Taking the entries below, transcribe only the lines starting with the one with "Service Centre for foreign workers – SeCFow" and going on through the one with "Ford F-150 Parked on Cliffside", exactly as written, without the pictures.

- [RECORDS PROVIDED]
··········

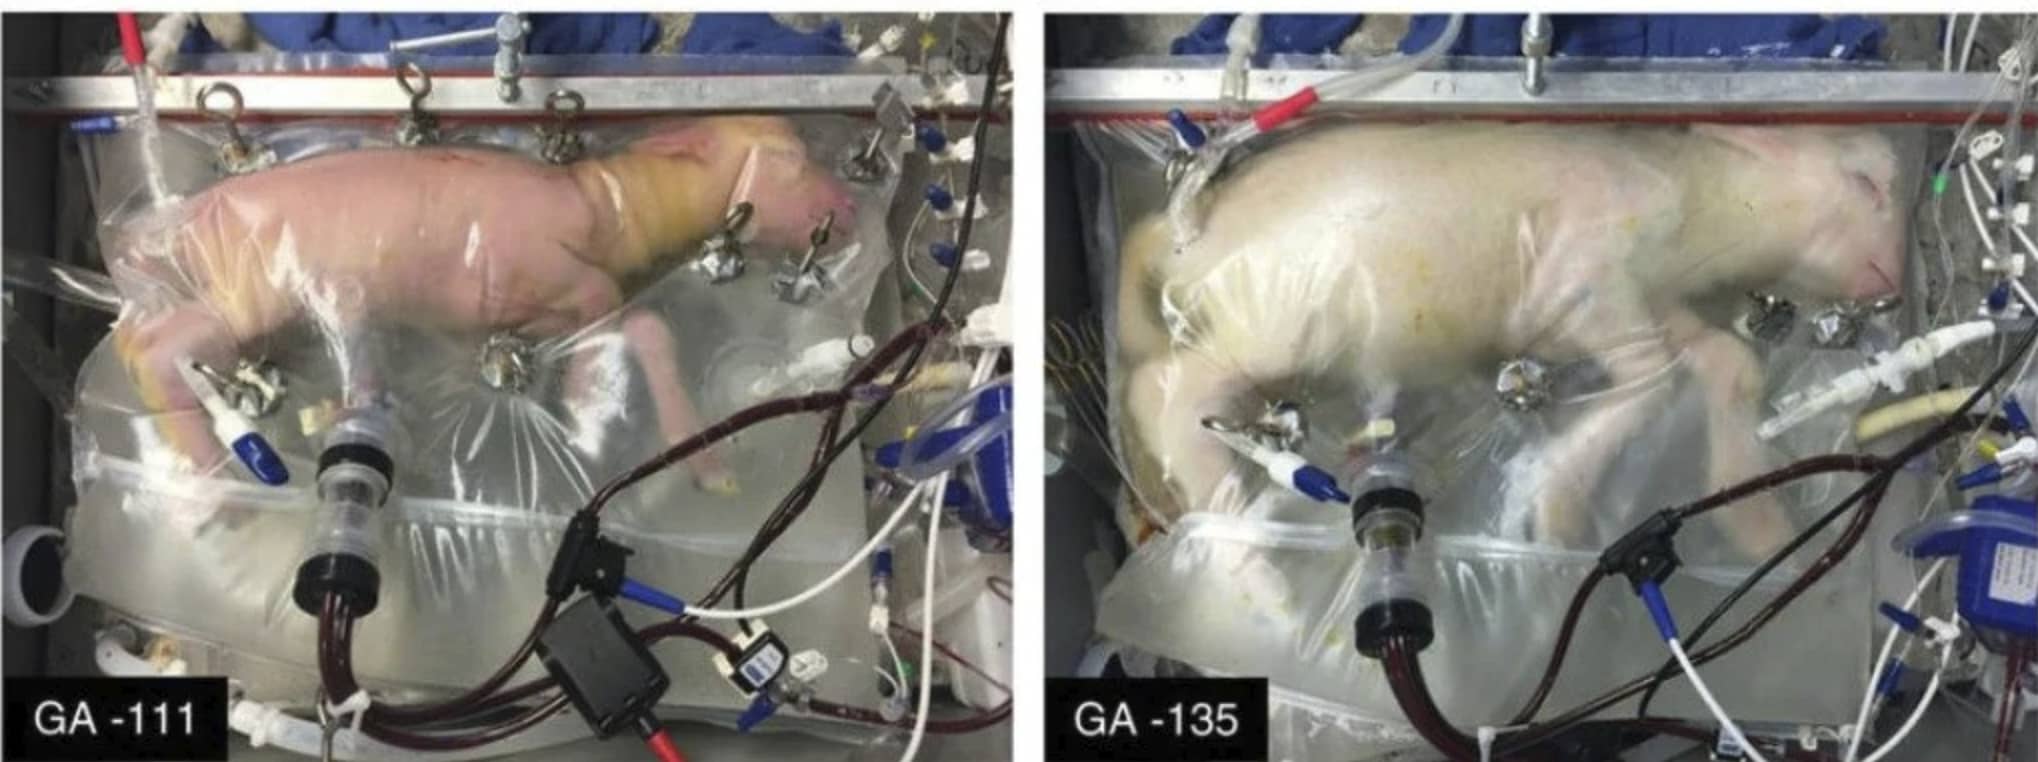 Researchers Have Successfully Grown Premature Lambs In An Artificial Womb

··········

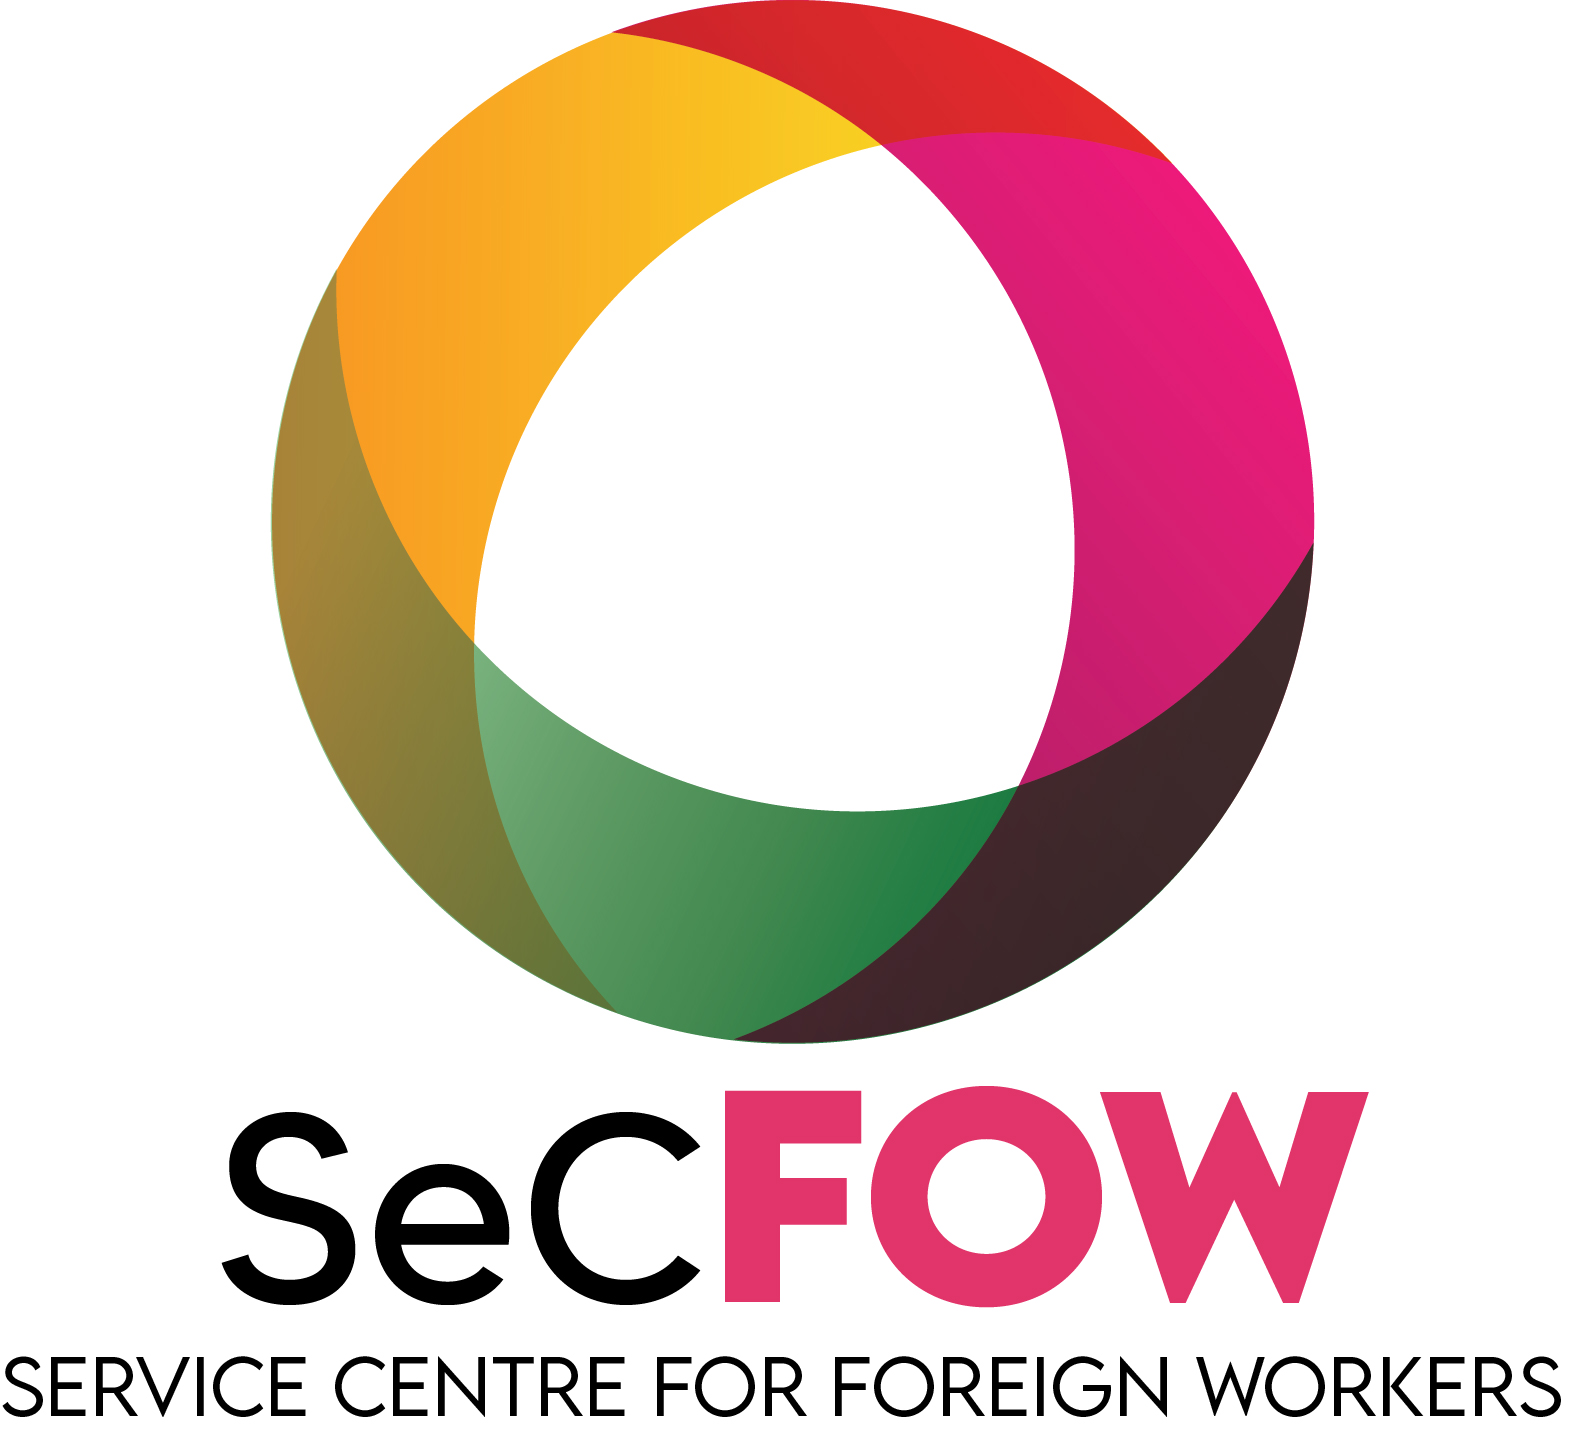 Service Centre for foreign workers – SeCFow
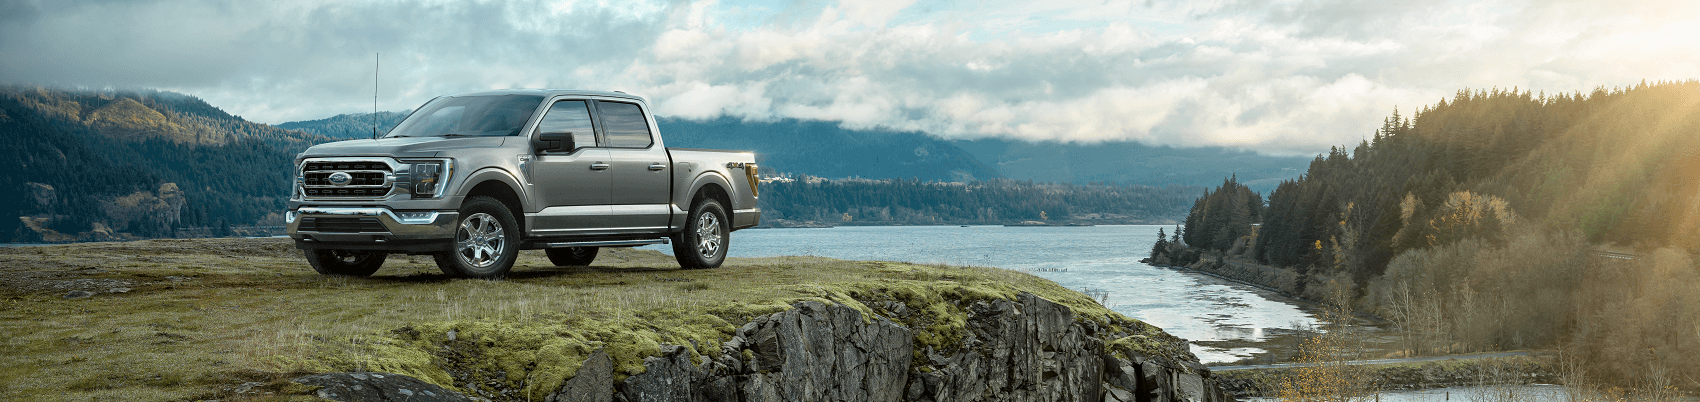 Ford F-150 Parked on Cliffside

··········

- [EXERCISE ANSWER]
 Service Centre for foreign workers – SeCFow
 Ford F-150 Parked on Cliffside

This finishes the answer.